*** Data shown ***

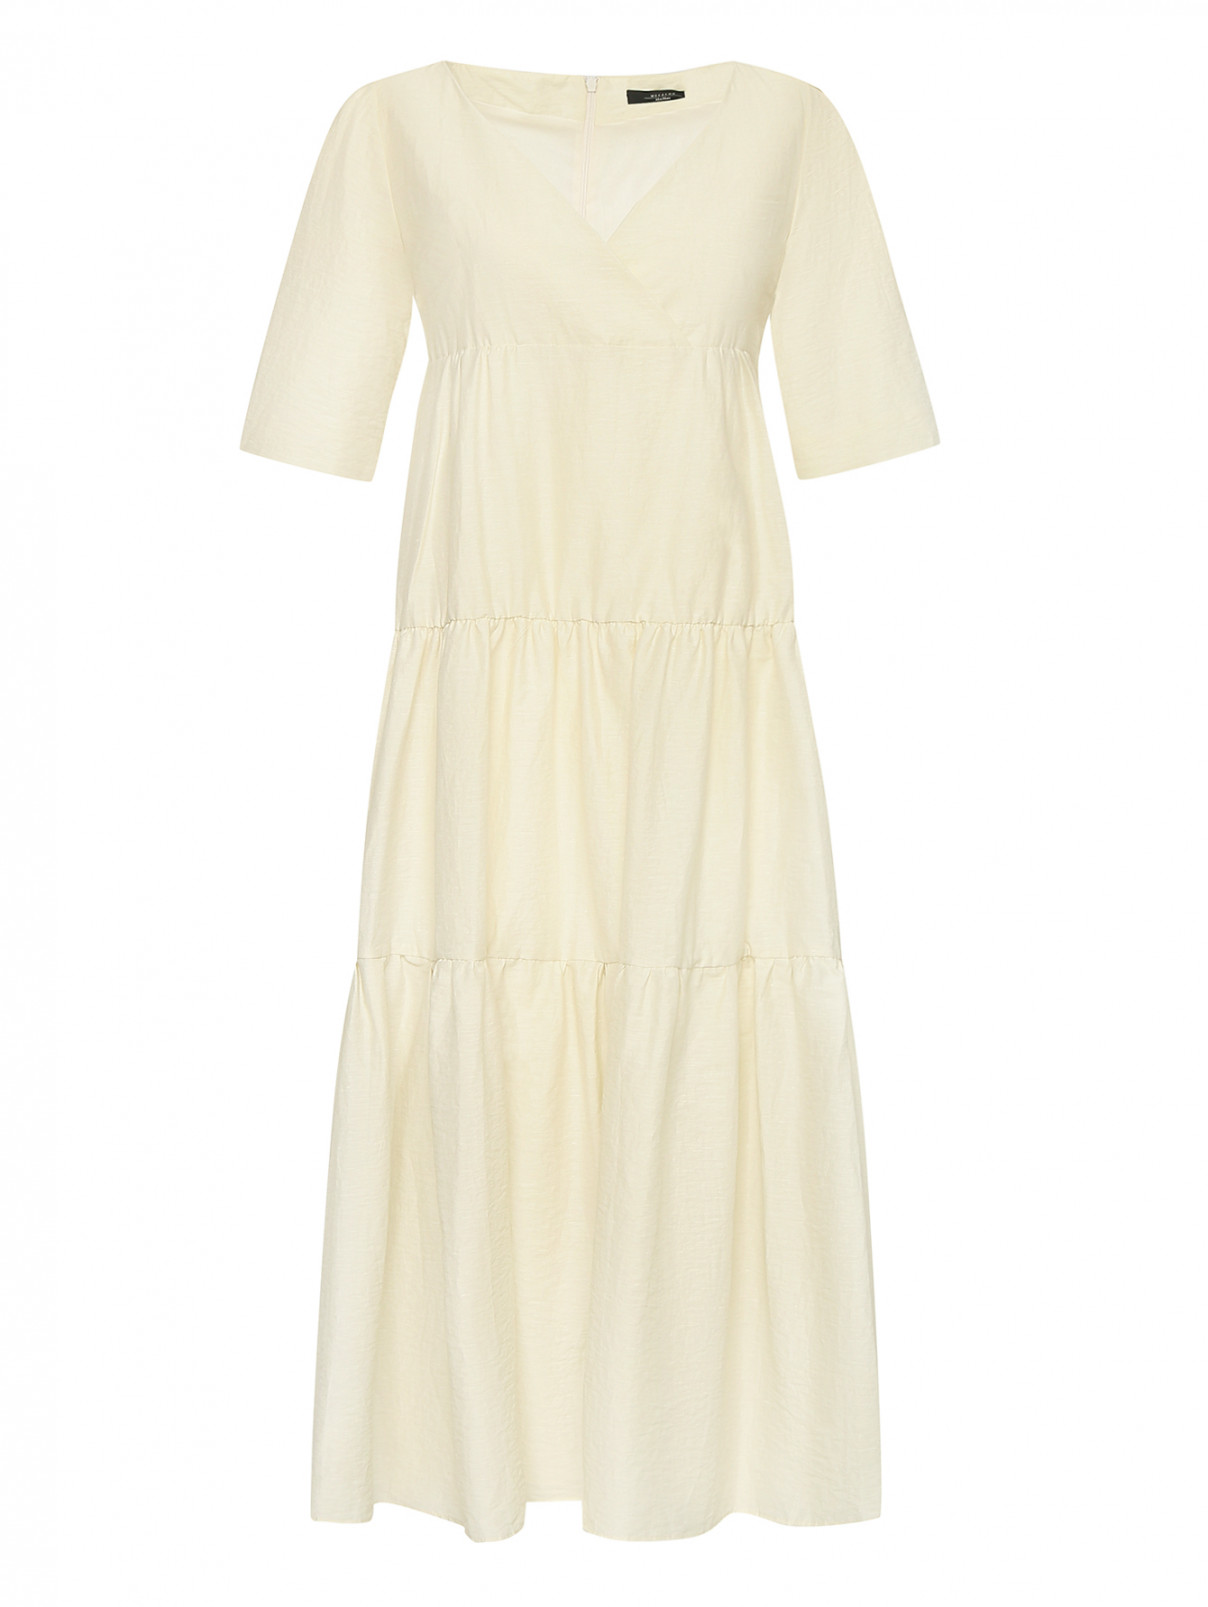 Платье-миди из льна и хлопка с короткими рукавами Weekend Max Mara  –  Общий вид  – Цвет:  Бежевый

*** End of Data shown ***
*** Data shown ***

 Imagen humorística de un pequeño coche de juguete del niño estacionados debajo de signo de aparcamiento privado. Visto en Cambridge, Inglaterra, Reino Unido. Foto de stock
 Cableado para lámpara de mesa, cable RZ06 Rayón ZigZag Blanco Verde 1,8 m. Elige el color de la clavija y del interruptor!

*** End of Data shown ***

> [Problem statement] Using the data above, print exactly the lines from the line that contains "Imagen humorística de" through the line that contains "Cableado para lámpara", with both included.

> [Solution for this exercise]
 Imagen humorística de un pequeño coche de juguete del niño estacionados debajo de signo de aparcamiento privado. Visto en Cambridge, Inglaterra, Reino Unido. Foto de stock
 Cableado para lámpara de mesa, cable RZ06 Rayón ZigZag Blanco Verde 1,8 m. Elige el color de la clavija y del interruptor!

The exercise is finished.